Oregon Tavern Age: Talking Turkey

I sat at the bar at Turkey’s. Linda and Gary were to my immediate left, Kip to my far right, and two OTA brothers milled around behind me. Turkey was the bartender. A Grand Prix race played on television and the racers were E-cars and barely making a sound. That didn’t go over well with the OTA racing fans.

It was a brutally hot day along the Rogue River. It was Rainiers-chilled-in-the-river time. Then you sat in the river in cutoffs and drank Rainier. No craft beers allowed.

I asked Turkey about the exquisitely crafted trio of wooden pot pipes on display behind the bar. Turkey told me they were made from myrtlewood, Jesus wood, that only grew on the Southern Oregon Coast and in Israel. Turkey said a regular carved the pipes and gave them away. Turkey said it was a lot safer, germ-wise, sharing a pipe rather than sharing a joint. Everyone agreed. I said I had to own a myrtlewood pot pipe made by a Turkey’s OTA regular—right now—even though I didn’t smoke pot. Turkey said he’d hook me up.

Jesus Pot Pipe—great name for a stoner Christian rock band and believe me, in Oregon, there was such a musical niche.

Kip slid across a few stools and landed next to me. He was holding a homemade gizmo of wood and metal with one hand and a saucer of painted Styrofoam in the other.

“What is that?” I said.

“The Shepherd’s Hawk,” he said.

I got off my stool to better inspect. He handed the gizmo to me.

The Shepherd’s Hawk, Kip informed me, was his latest creation. It amounted to a beaver stick approximately three feet in length attached to a metal housing via screws and clamps (think plumbing). A hinge extended from the housing and fitted into a double-grooved slot on a saucer-shaped piece of Styrofoam that Kip had carved into an aerodynamic flier. The flier was painted yellow and black to resemble a swooping hawk.

I sipped my beer and assessed the gizmo while Kip continued his explanation. The idea was to draw the stick back like a Chuck-it! dog toy and then whip it forward, which released the hawk into the sky. He gave me a mini-demonstration of the arm motion but obviously didn’t release the bird inside Turkey’s, although I wished he would.

Kip claimed it could fly a hundred yards on the beach. He said he was registering the paperwork for a patent on Monday.

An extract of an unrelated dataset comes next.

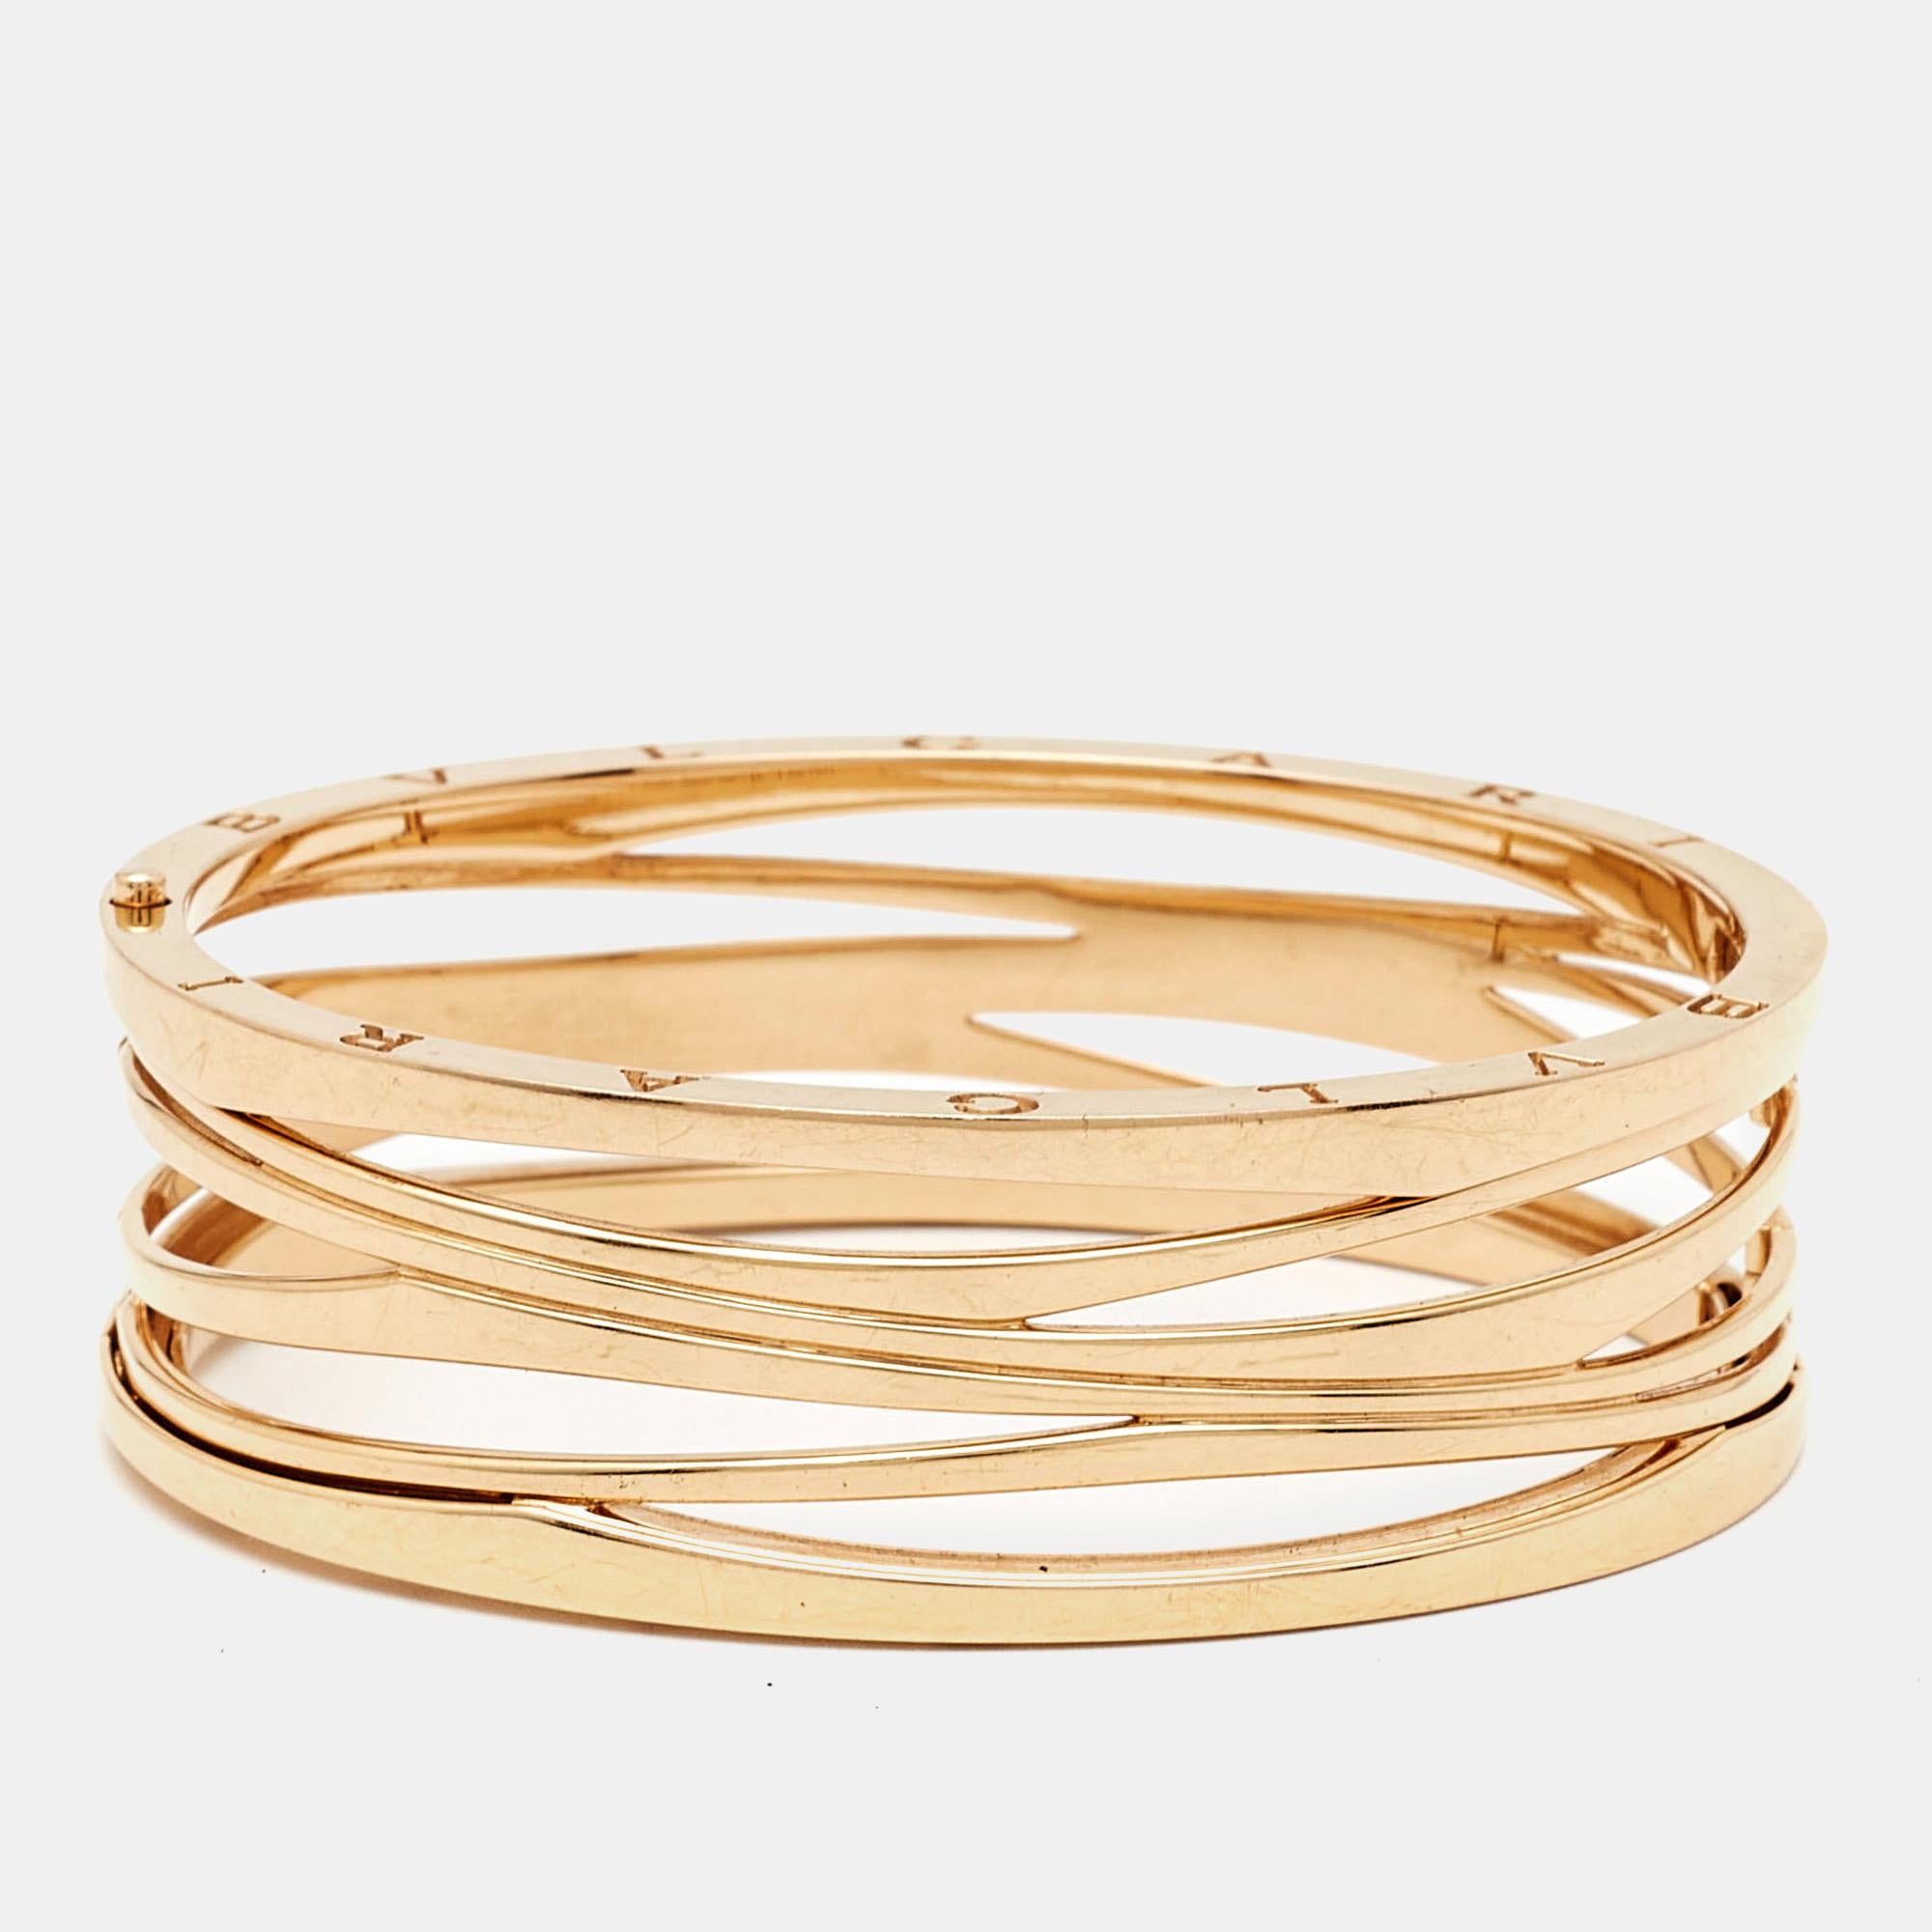 Réalisé en or rose 18 carats brillant, le bracelet large Bvlgari B.Zero1 dégage un charme intemporel. Son design épuré présente le motif emblématique de la spirale, qui symbolise la beauté et la force éternelles. Avec un mélange luxueux de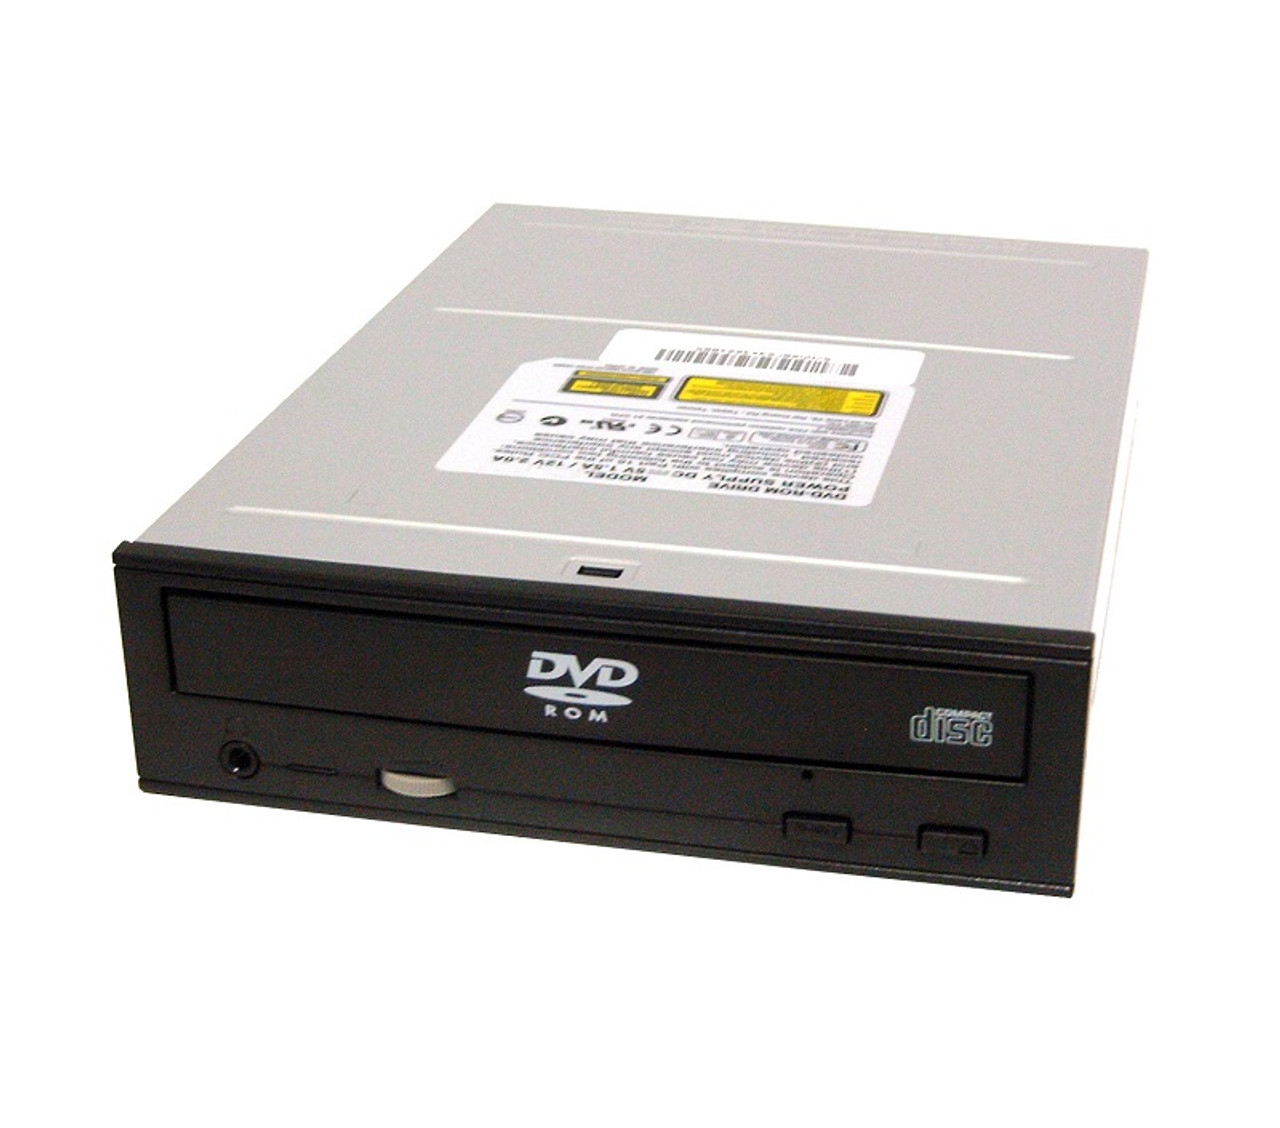 W520P - Dell DVD-ROM Drive Latitude E4300 E4310

I told him I’d give him $15 for it.

He refused.

I raised the offer to $20.

No.

I upped to $25 and fanned the bills.

Kip wouldn’t budge. This particular stick and hawk were the prototypes for the patent. He invited me outside to his SUV to browse the rest of the stock. In the scorching sun, he offered me a sickly-looking stick and red saucer decorated with a German Iron Cross, sort of like the Red Baron.

Forget that! I pressed Kip again and he promised me the hawk after he had successfully registered his patent. We shook hands, and Kip got in his SUV and drove away. I went back inside Turkey’s to beat the heat with cold beer.

The subject of ospreys came up, perhaps because one flew by with a woodland creature in its beak and several of us saw it out the window. Gary recalled a time when he was scouring the hull of his boat in his driveway and he heard a thunk and the boat rattled. He looked up and saw an osprey soaring overhead. He looked inside the boat and saw a black snapper on the deck. The osprey had dropped it. Gary cleaned the fish and fried it up for lunch.

One of the OTA brothers then launched into a story about an osprey dropping an eel on someone’s deck not far from Turkey’s. They ate it for supper.

By this time, Tom had replaced Turkey as bartender and had overheard the osprey conversation.

He had an osprey-dropping-something-from-the-sky story to recount as well. There were six people in Turkey’s and three had osprey-dropping-something-from-the-sky stories. I wanted one.

Tom said a woman living up the road was weeding in her garden when an osprey dropped a five-pound steelhead and hit the woman on the back of the head. “It plowed her into the fucking ground, knocked her out cold. She had to go to the hospital!”

He didn’t know if they cooked the steelhead for supper. They probably did. A steelhead from the sky meant something in Oregon and when it didn’t, Oregon was dead.

The osprey stories drove the joint into a frenzy and Gary told me to ring the bell over the bar. That’s the kind of man he was.

I demurred. I was afraid. I’d never rung the “drinks-on-the-house” bell in OTA country before. Gary insisted and I rang the bell, and goddamn it, the peal felt righteous all the way down to my loins!

I wasn’t taking notes, but after the bell rang, I excused myself and ran to the car for a notepad. Upon my return, Tom had a new beer waiting for me in a chilled glass. I took a deep drink and scribbled notes.

A minute later I said to the bar: “I’ve got five bucks that says the next person who walks in here won’t have an osprey-dropping-something-from-the-sky story. No one took the bet.